### Work to complete
You are asked to copy the entire listing exactly, apart from its pictures.

─── Dataset extract ───

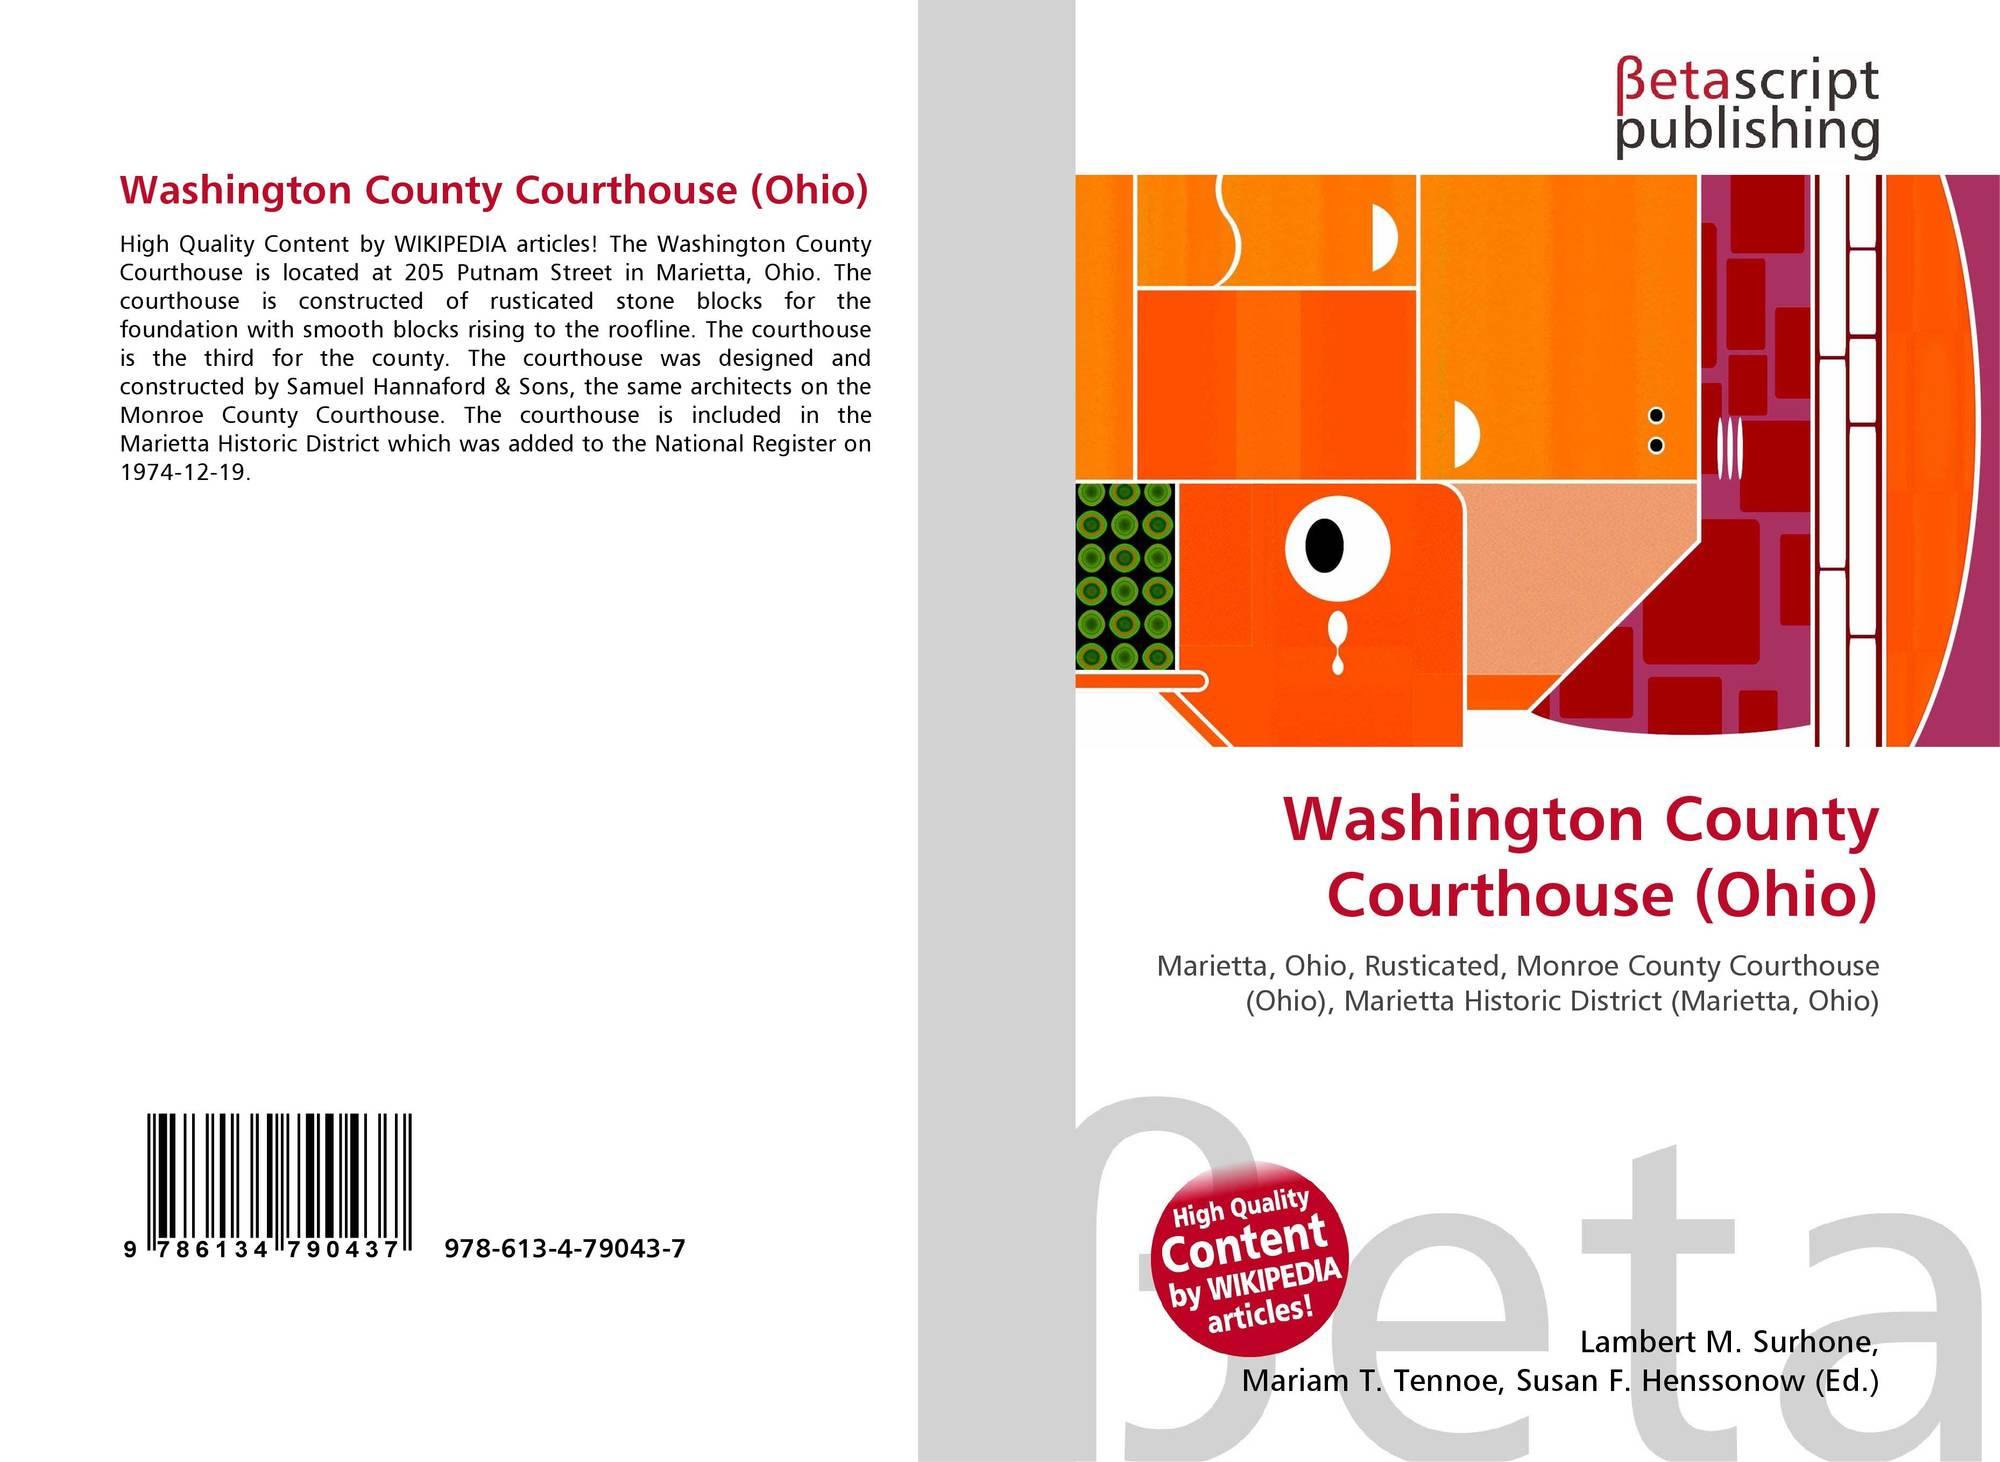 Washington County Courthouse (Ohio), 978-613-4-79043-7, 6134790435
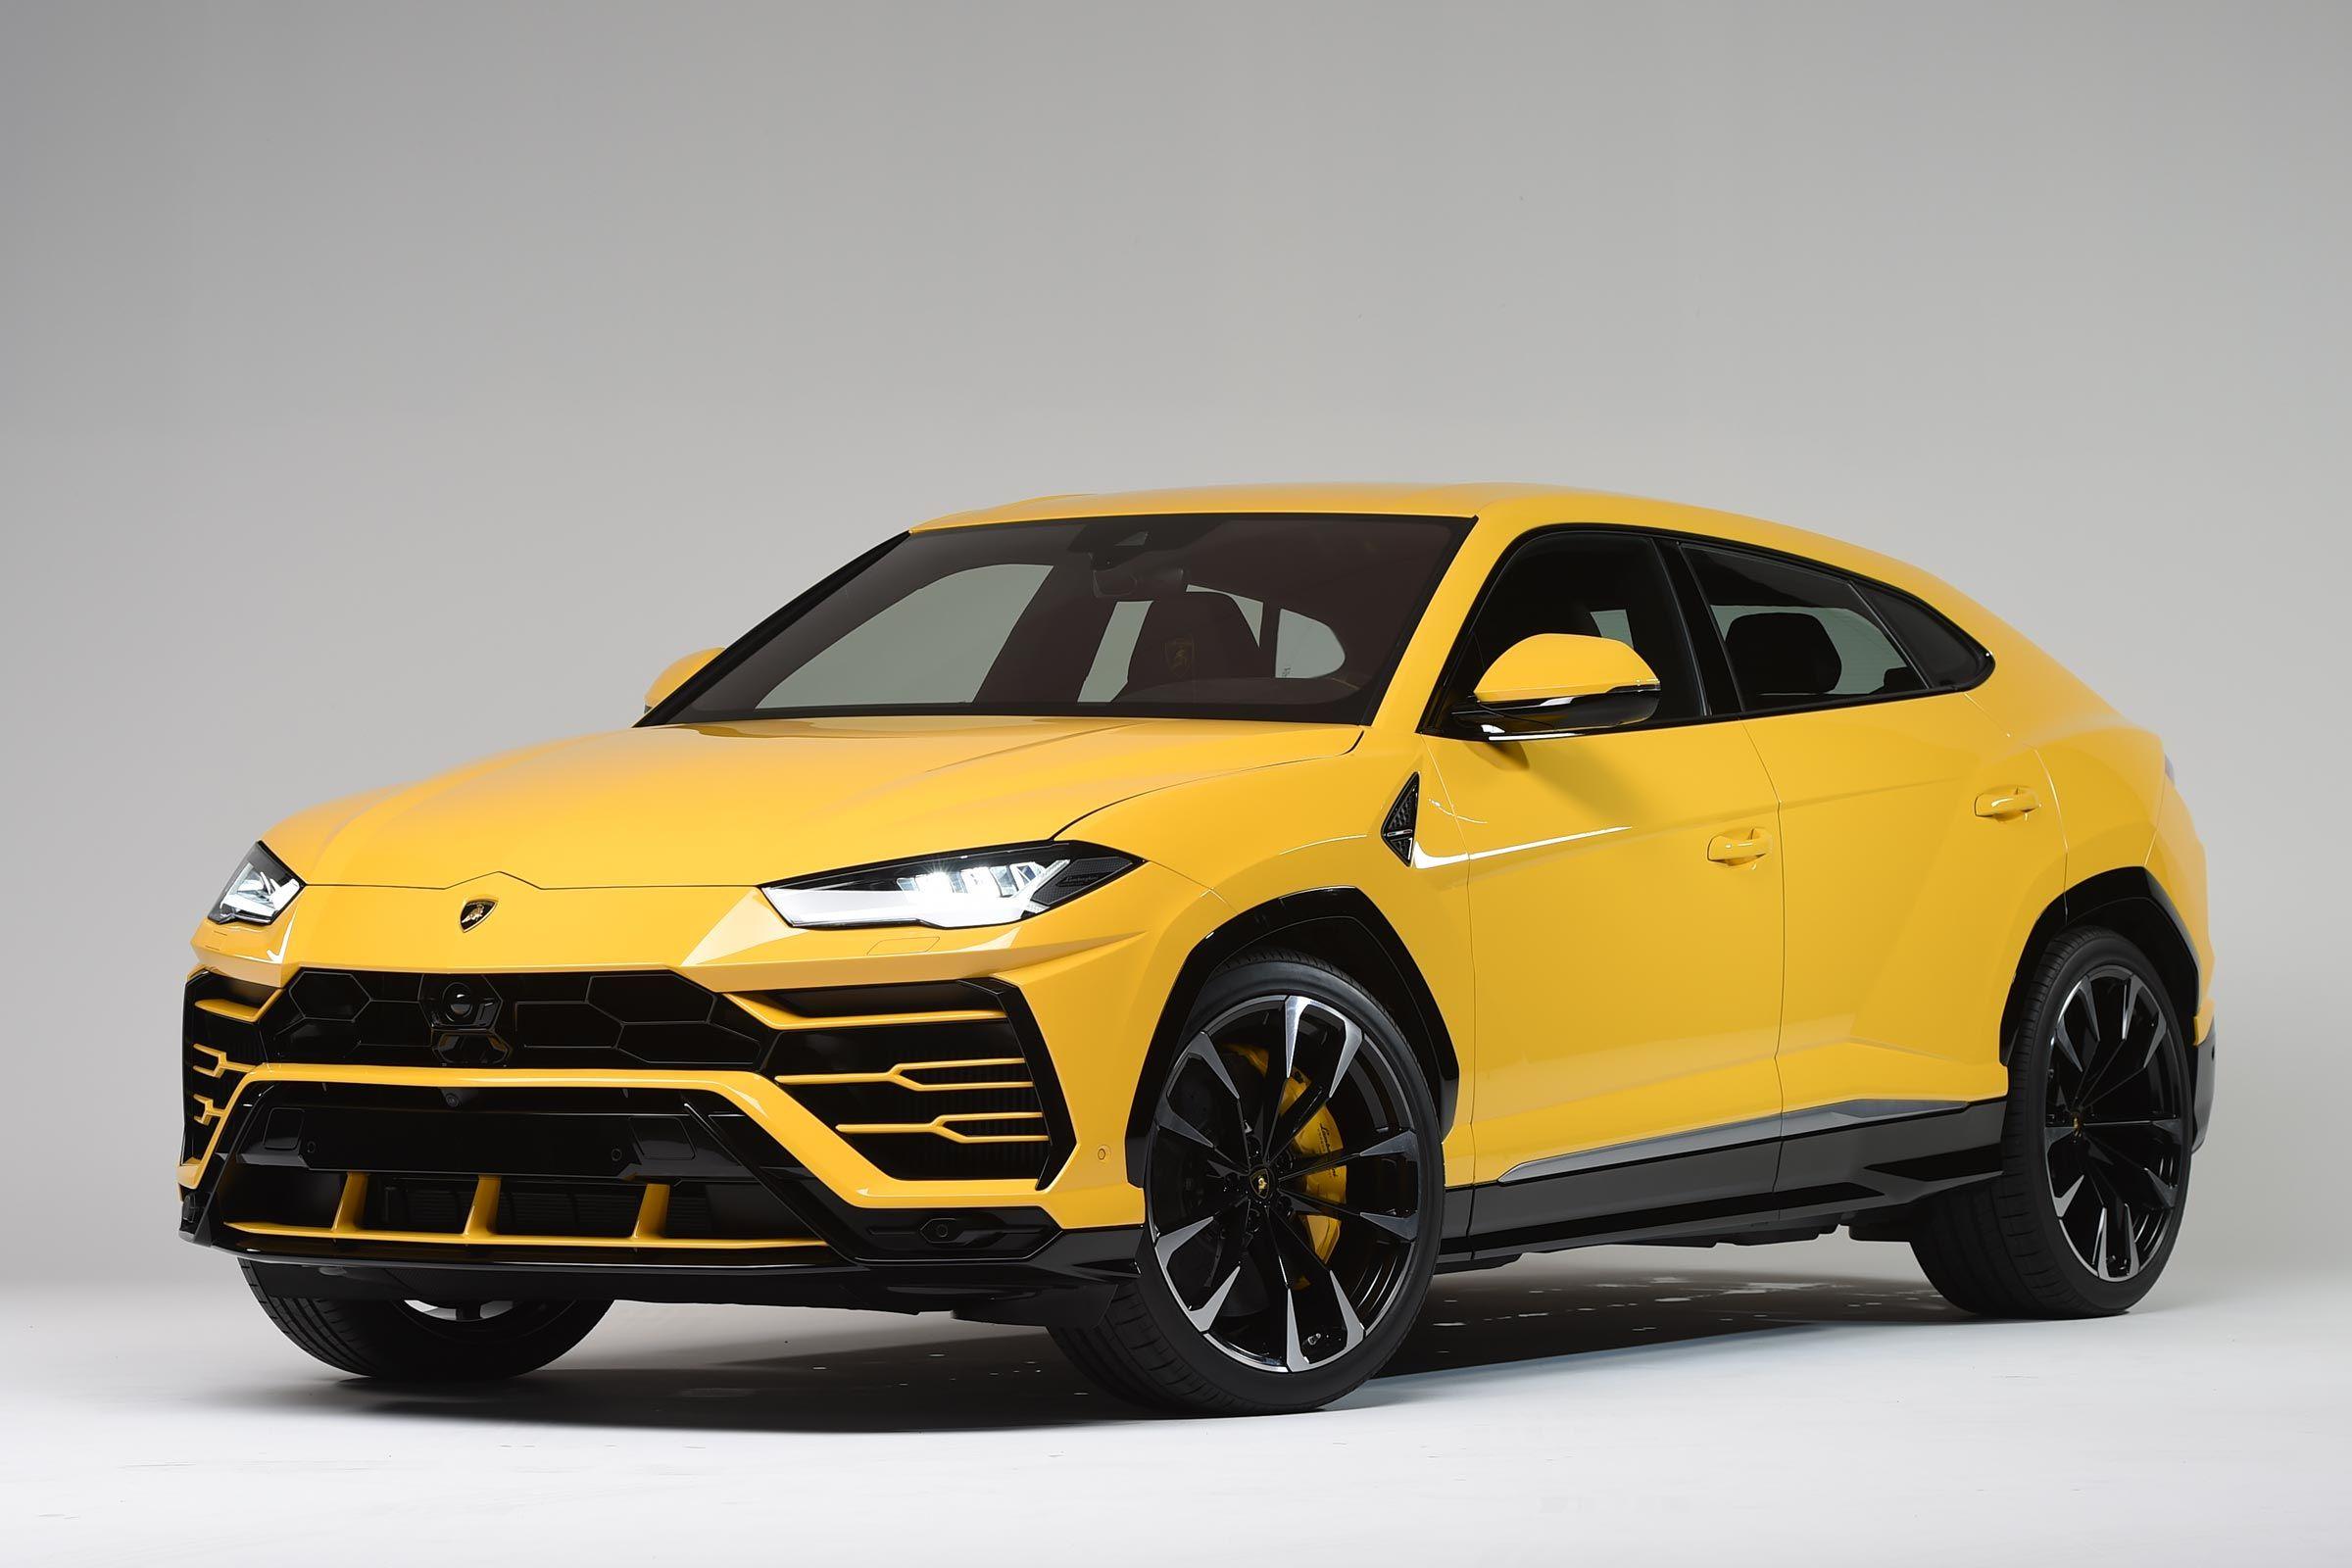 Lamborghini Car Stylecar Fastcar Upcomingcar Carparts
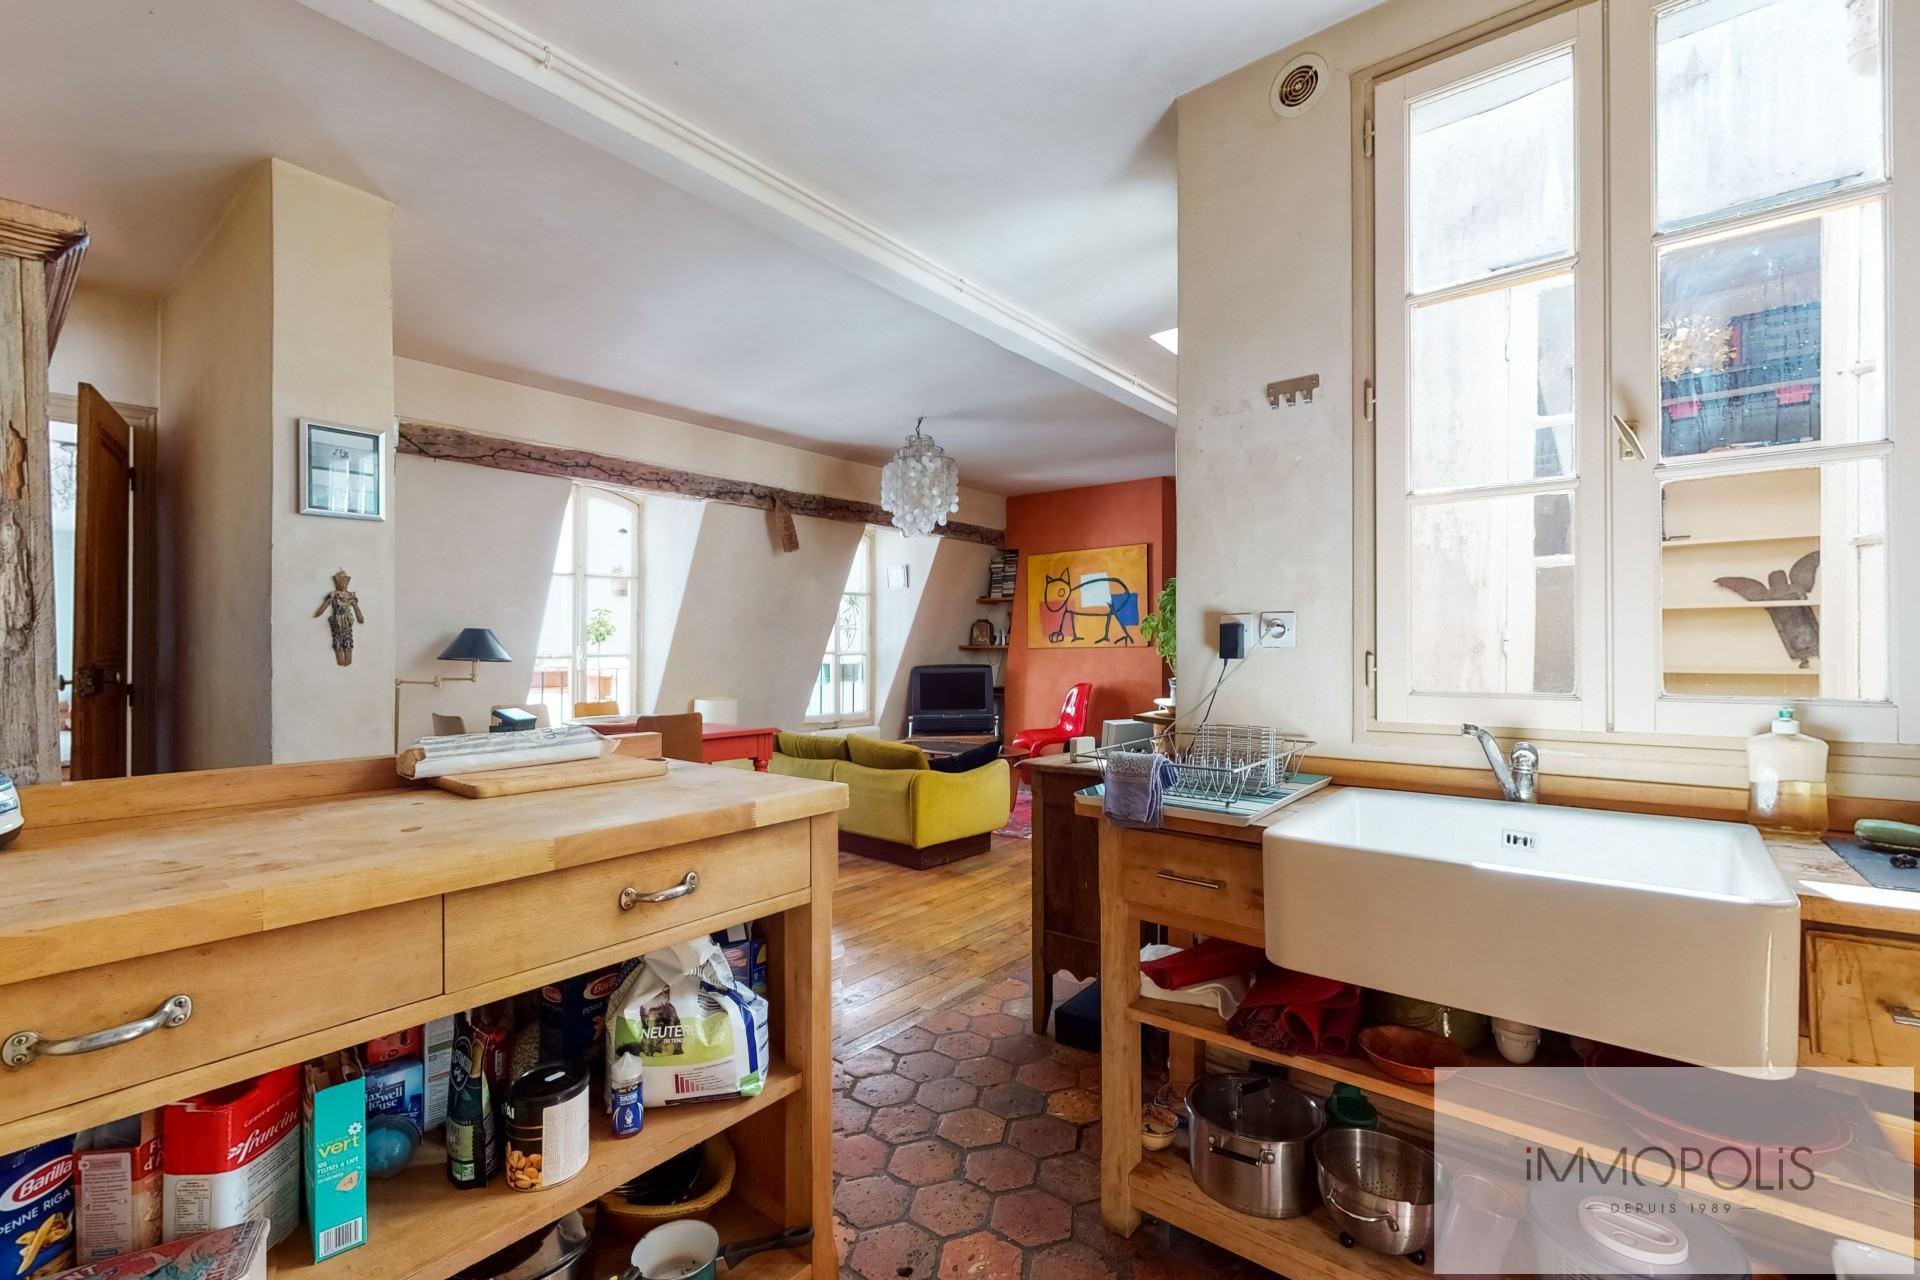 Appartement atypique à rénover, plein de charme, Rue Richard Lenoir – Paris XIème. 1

───

### Reply to the exercise
 Washington County Courthouse (Ohio), 978-613-4-79043-7, 6134790435
 Lamborghini Car Stylecar Fastcar Upcomingcar Carparts
 Appartement atypique à rénover, plein de charme, Rue Richard Lenoir – Paris XIème. 1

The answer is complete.